Олисава вдруг подумал, что мужик пьян, несет чушь.
— У меня никакой колыбели нет.
— Как нет? Вы что, забыли, что у вас есть колыбель?
— Была когда-то. Мать и в самом деле качала меня в люльке. Была у нас такая, подвесная.
— Помните, помните! Была, правильно. И есть до сих пор — на горище, на чердаке. Вы уж извиняйте меня, я лазил к вам на горище, нашел колыбельку там. Если вы не против, я возьму ее. Не хочу покупать эти ширпотребовские кроватки. У ребенка должна быть колыбель.
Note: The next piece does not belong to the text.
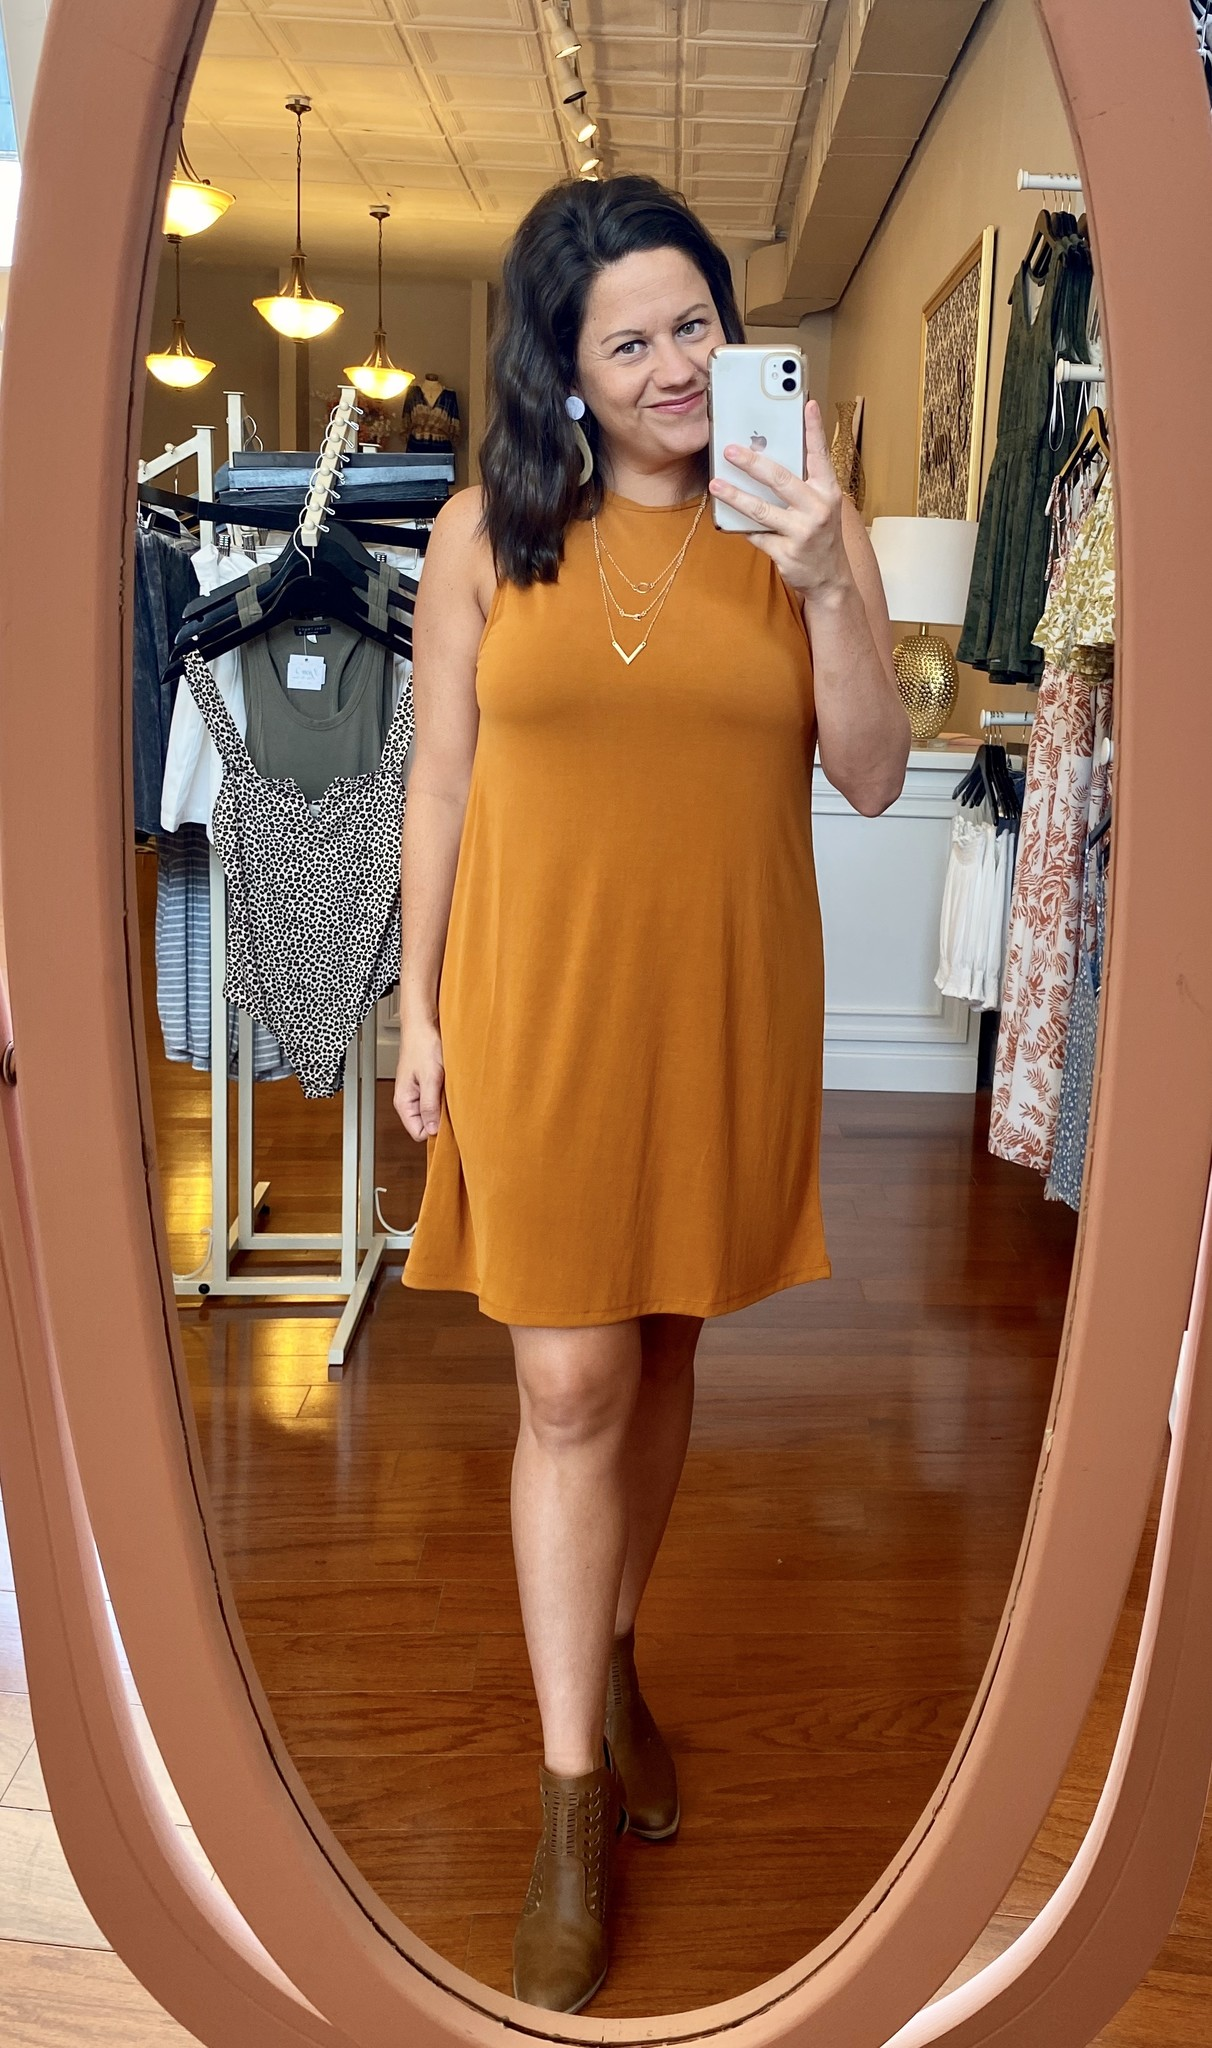 Hyfve Inc. Sleeveless Basic Tank Dress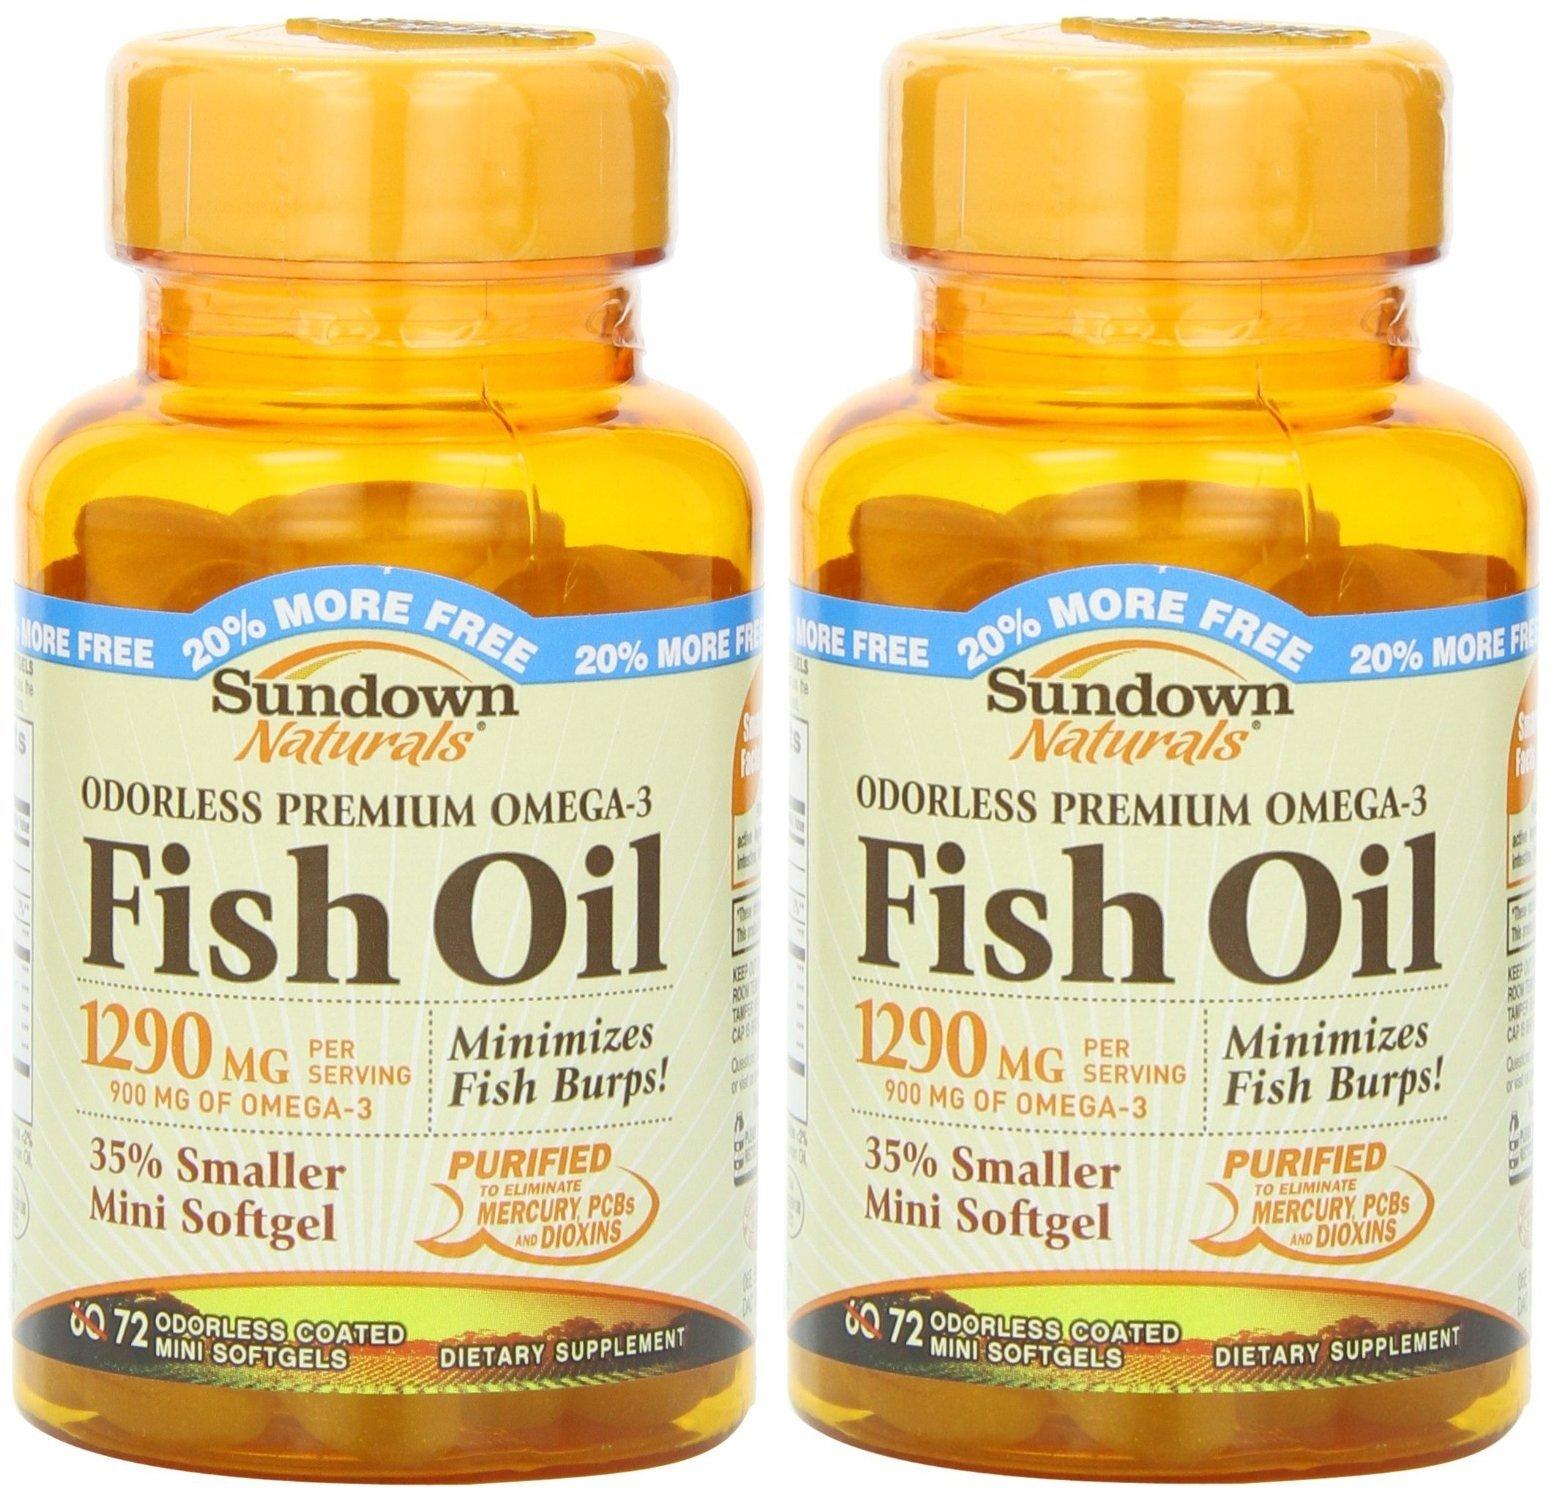 Sundown Naturals Naturals Odorless Premium Omega-3 Fish Oil, 72 Softgels (Pack of 2) Total 144

— Ради бога, если вам нужно, возьмите.
— Признателен. С меня причитается, Владимир Владимирович. Я сейчас в гараж. У меня пересменка. В ночную работал. Через часок нарисуюсь. — Тяжелая громкая машина рванулась и вскоре исчезла за поворотом.
«Придется топать до дому, — подумал Олисава. — Человек же придет». Он вздохнул облегченно. Решение принято и, судя по всему, правильное. Надо заглянуть дом перед отъездом. Отпуск кончается. Натка дважды уже вызывала на переговоры. Нервничает. Веснушка скучает.
Олисава добрался до двора. Снял с калитки проволочную петлю. Вошел. Чернели деревья в саду, зато осока зеленела, словно пламя, охватив комли усопших деревьев. Горели разными тонами радуги смешавшиеся с садовыми полевые цветы. Во дворе подметено. Олисава оглядел двор. Так он выглядел, когда тут был отец. Сейчас тут нет никого. Никого, а двор подметен. Однако жарко!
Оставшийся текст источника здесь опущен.